Service Mesh Egress Gateway Patterns: Bounded Outbound Traffic in Istio Clusters
Problem
Outbound traffic from a Kubernetes cluster is a tangled topic. By default Istio’s sidecar proxies forward outbound calls directly through the workload Pod’s network — egress is whatever the Pod can reach via the cluster’s CNI / network policy.
Three problems compound:
- Per-Pod egress decisions mean operators can’t centrally answer “where can production cluster talk to” without enumerating every NetworkPolicy + ServiceEntry.
- TLS origination at the Pod means each app is responsible for proper certificate handling for outbound HTTPS to third parties.
- Audit per Pod is partial — Istio’s per-Pod telemetry shows the Pod made an outbound call, but cross-Pod patterns (multiple Pods to the same destination) are reconstructed by query, not seen at a single point.
Egress gateways consolidate these. All outbound traffic from the mesh routes through a designated set of egressgateway Pods. Those Pods do the TLS origination, apply egress-specific policy, log the egress at one point, and become the central observability surface.
By 2026 the pattern is mature in Istio (since 1.x), Linkerd 2.x (with the egress-gateway beta), and Kuma. Enterprise deployments often deploy egress gateways for compliance — every external API call is auditable, attributable, and rate-limitable from one place.
The specific gaps in default Istio without egress gateway:
- Each Pod’s sidecar handles its own outbound TLS; certificate trust roots configured per-Pod or cluster-wide.
- NetworkPolicy is per-namespace; no central record of approved external destinations.
- Outbound DNS goes through the cluster’s resolver; egress depends on what that resolver answers.
- Enterprise compliance (PCI-DSS, HIPAA) often requires “all egress observable from a single point” — each Pod’s egress doesn’t satisfy.
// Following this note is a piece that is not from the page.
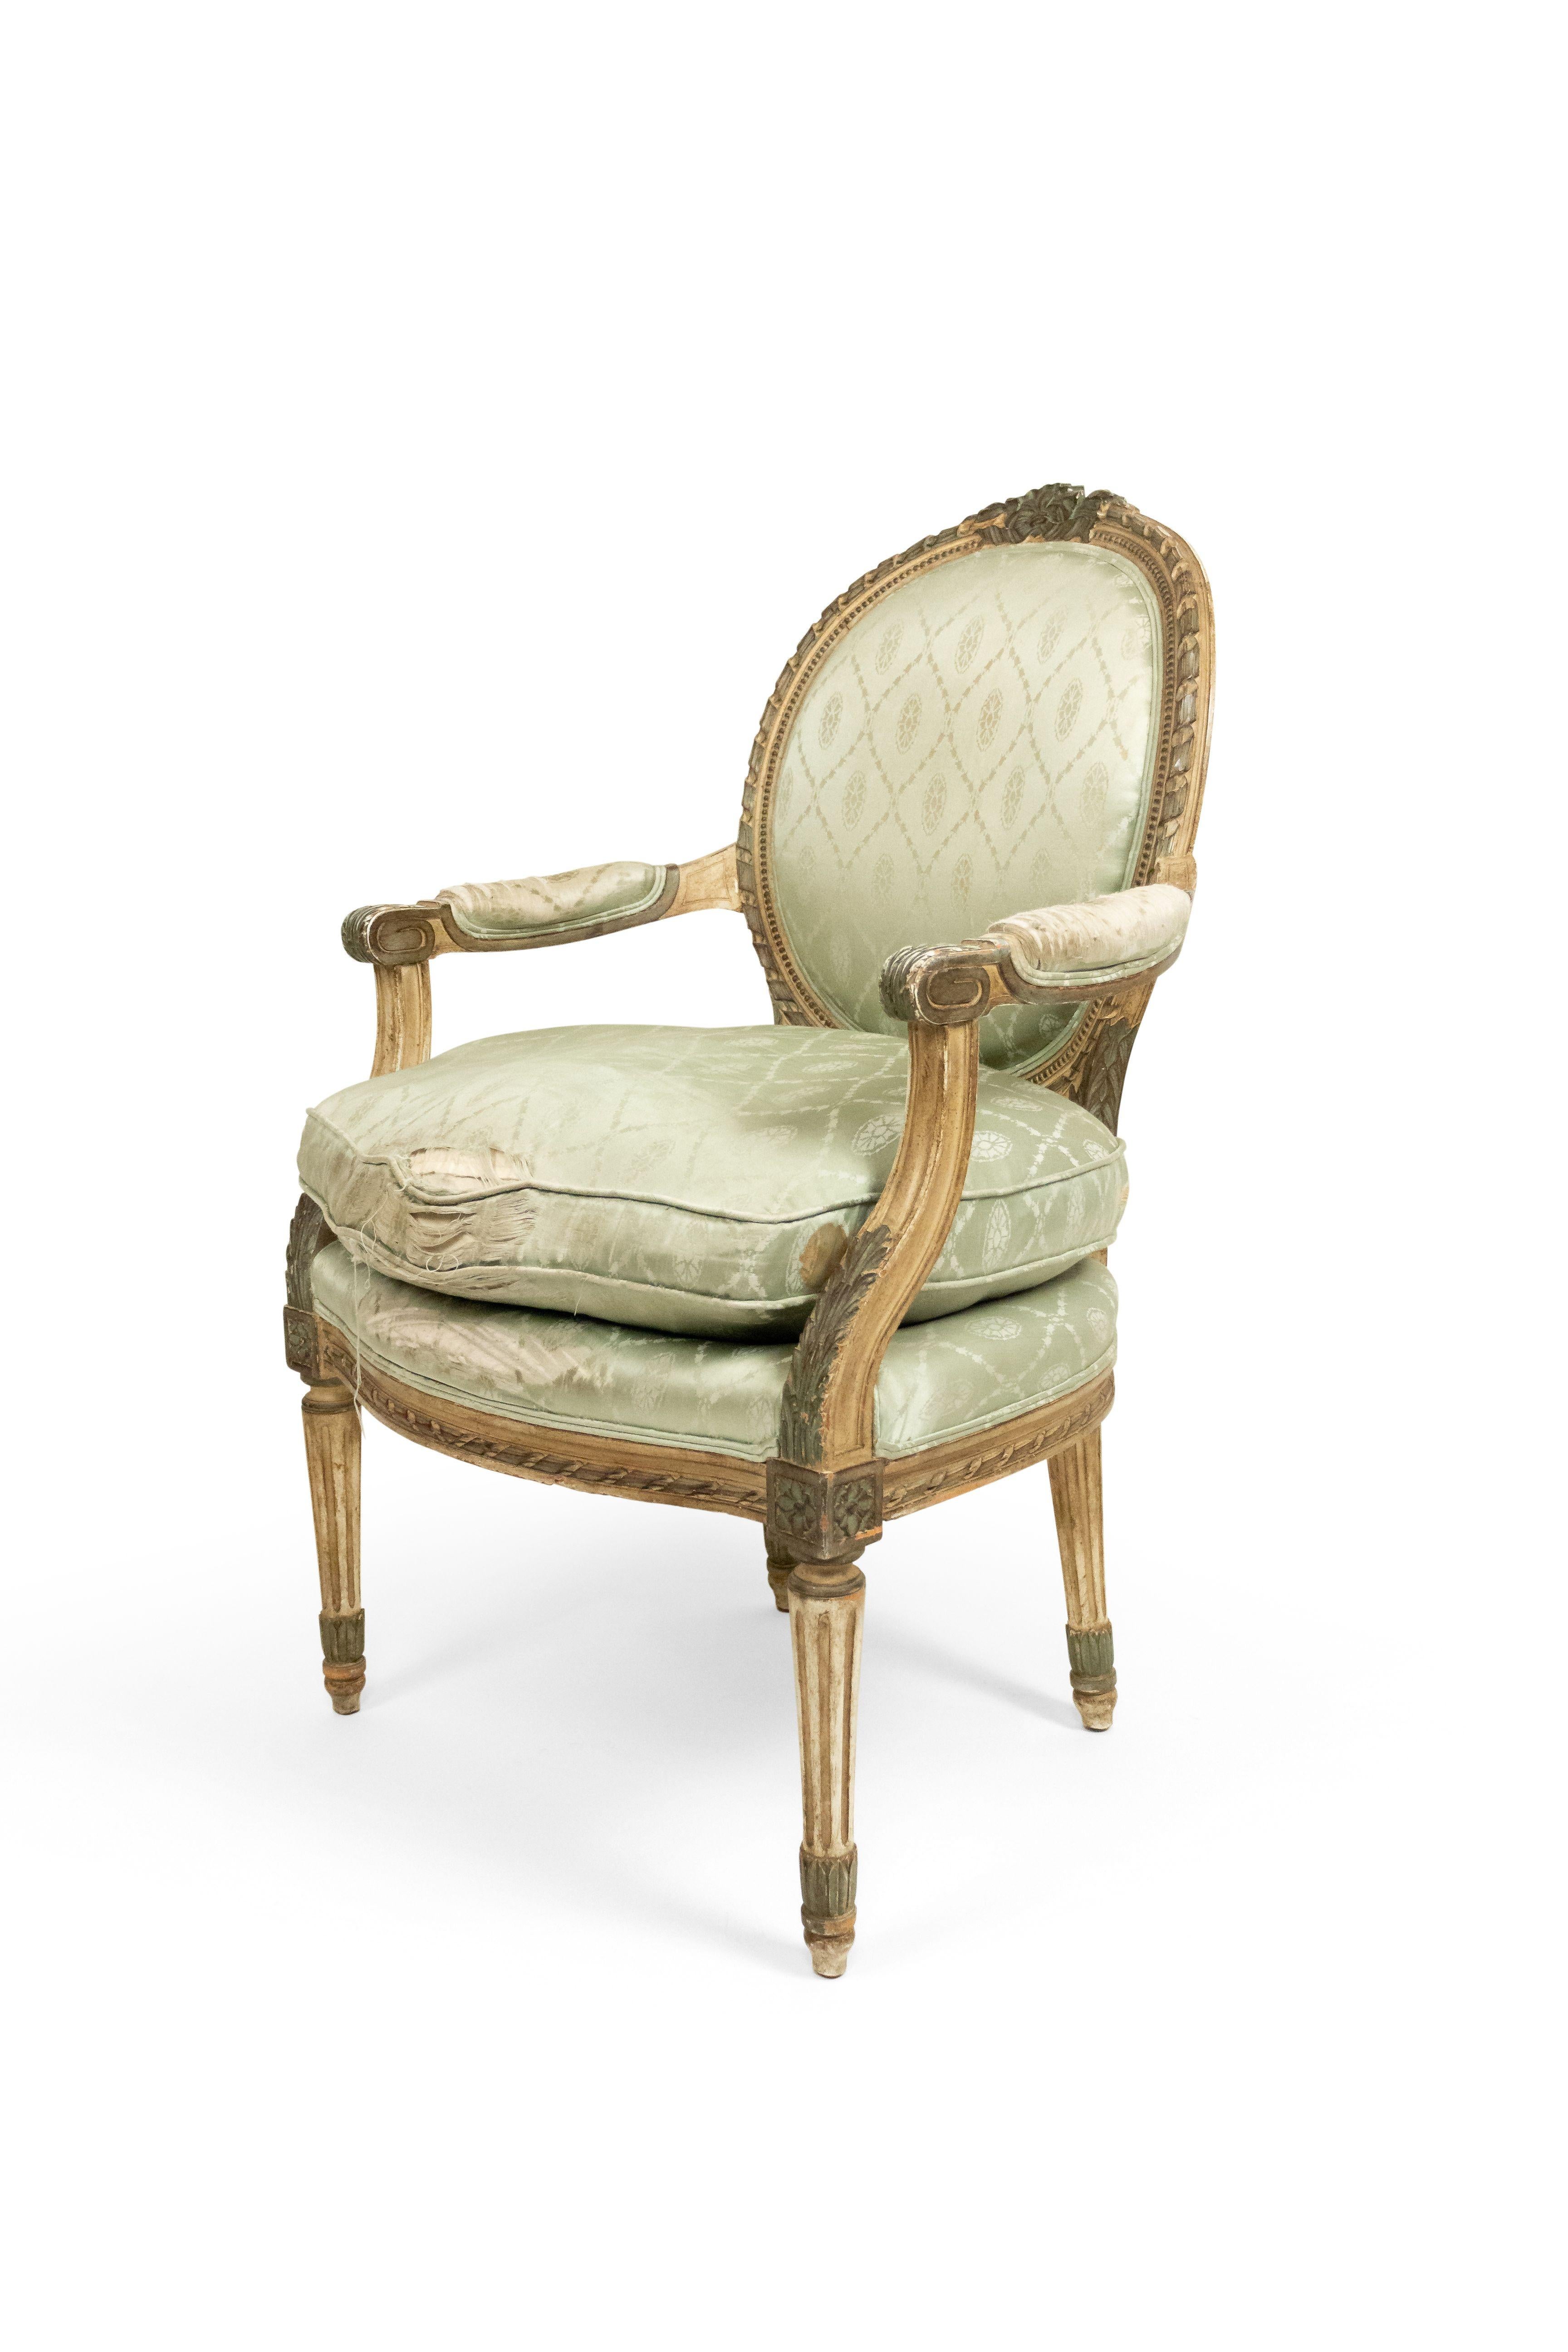 Paire de fauteuils français de style Louis XVI (19e-20e siècle), peints en gris, à dossier ovale et tapissés de soie vert pâle.

- Failure mode: a compromised Pod’s sidecar doesn’t restrict where it can reach; the Pod’s own egress path is the only enforcement.
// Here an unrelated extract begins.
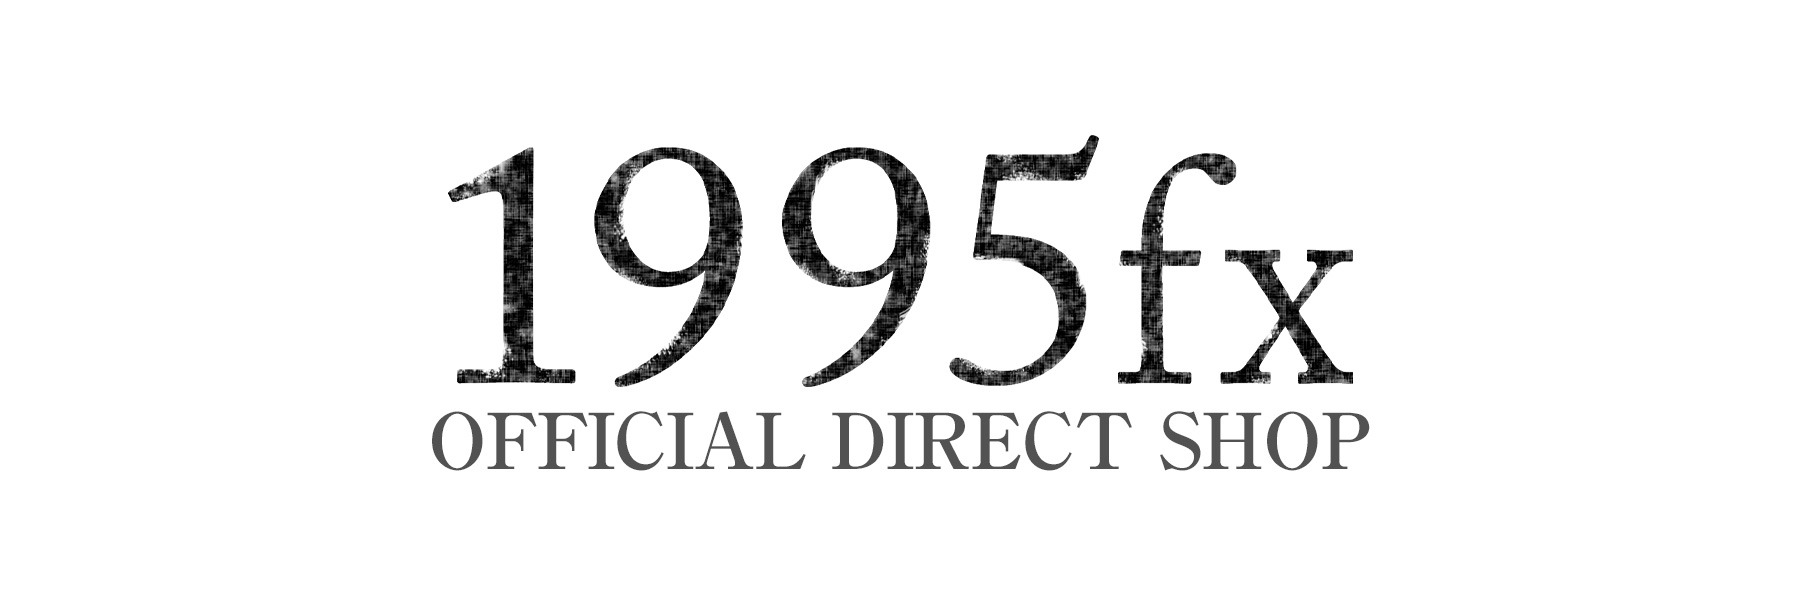 1995fx official direct shop

This article covers the egress-gateway architecture, ServiceEntry + Sidecar configuration, traffic-routing patterns, TLS origination, mTLS to the gateway, and the audit/policy benefits. Examples are Istio-specific; Linkerd / Kuma have analogous concepts.
Target systems: Istio 1.22+, Kubernetes 1.28+, with optional egress-gateway Pod replicas. Concepts apply to other meshes; vendor-specific syntax differs.
Threat Model
- Adversary 1 — Compromised application Pod: an attacker has code execution in a workload Pod. Wants to exfiltrate data or pivot to external services beyond the workload’s intended reach.
- Adversary 2 — Misconfigured NetworkPolicy: a Pod has more egress than intended due to overly-broad policy.
- Adversary 3 — DNS-based attack (DNS rebinding): Pod resolves an external hostname; the resolver returns an internal IP.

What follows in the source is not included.